Canticum Sacrum is also a great piece. I think most people ignore Stravinsky's late works because they find the surface austerity off-putting. It's the same reason why Webern gets the ridiculous appellations of "academic" or "cold", neither of which have anything to do with the music.



ptr said:


> Interesting, I must have listened to it previously but have no memory of it, less rhythmical than the Symphony of Psalms, I have a real difficulty with Tenors that sing on the top of their voice. The spoken Choir against the low instruments is very likable! But I wonder if a modern recorded version would put it in a very different light?


I don't like the tone of the main tenor solo on the Columbia recording.

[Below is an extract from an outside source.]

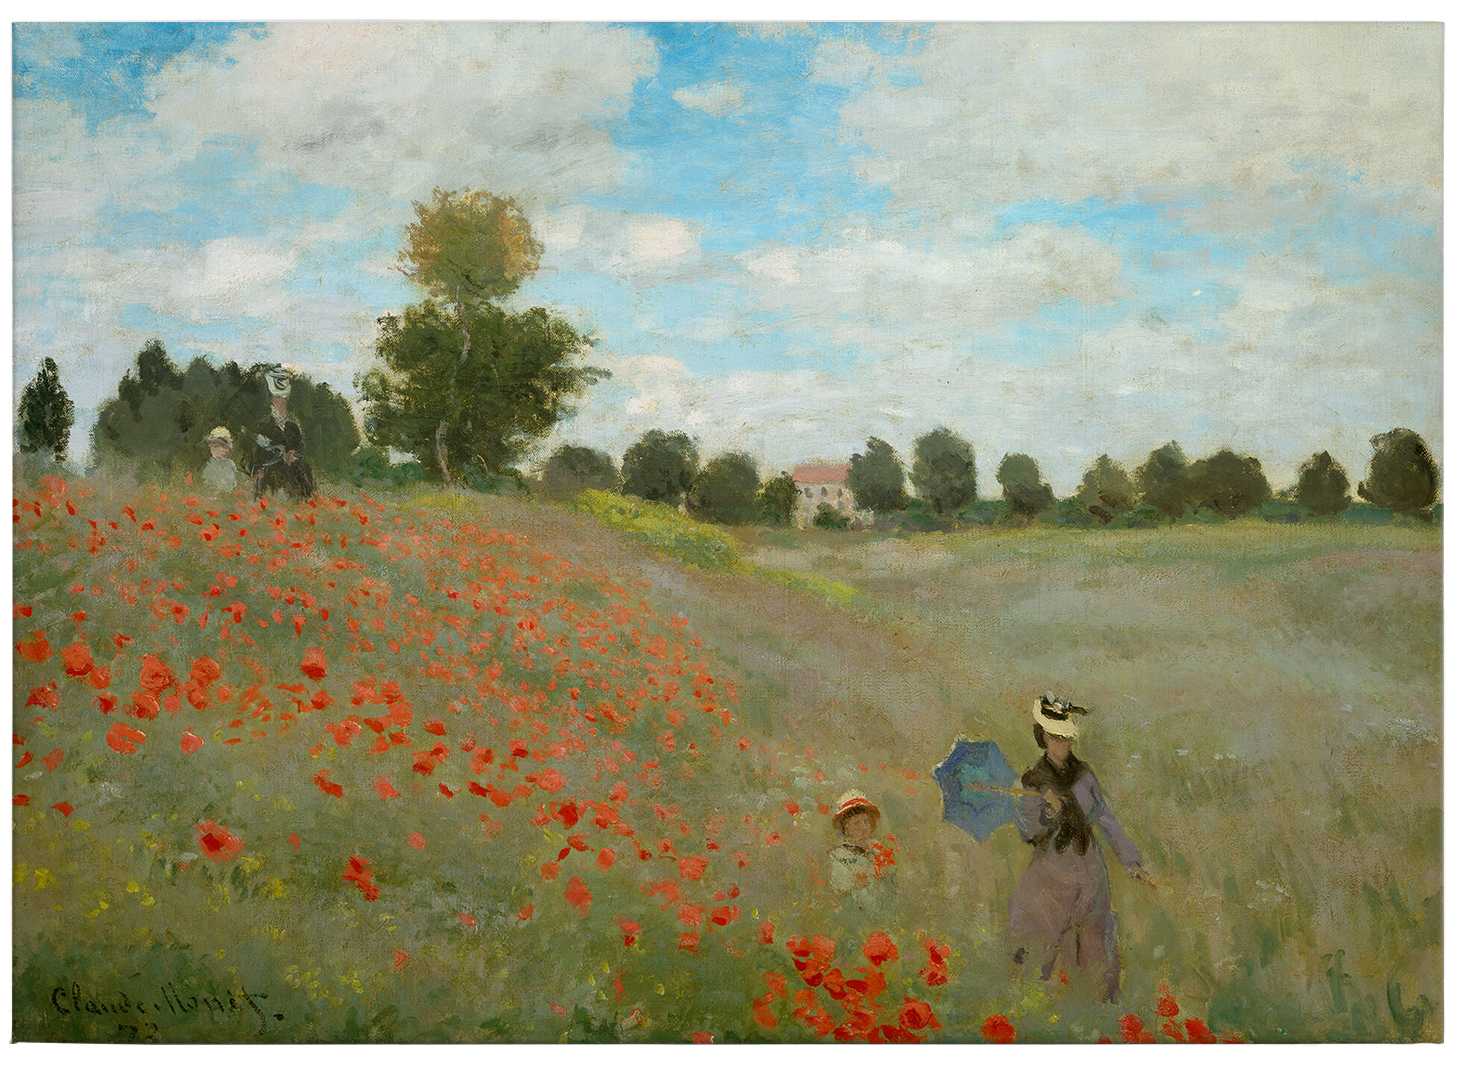             Lienzo Monet "Campo de amapolas cerca de Argenteuil" - 0,70 m x 0,50 m

It sounds like he's straining the entire time, when, like Schoenberg's Aron, he should have a light effortless quality to his voice. That said, the piece is really demanding on singers. Did you notice that the basso profundo has to sing a falsetto D above middle C?



ptr said:


> FWIW, I've never liked Robert Craft's recordings, he may be the supreme gatekeeper of the Stravinsky legacy, but on the whole he is an amateur conductor that makes Gilbert Kaplan seem like a pro...


I don't think anyone really thinks that highly of Robert Craft. What I'm really waiting for is a version of Threni conducted by a Gielen or a Knussen.


----------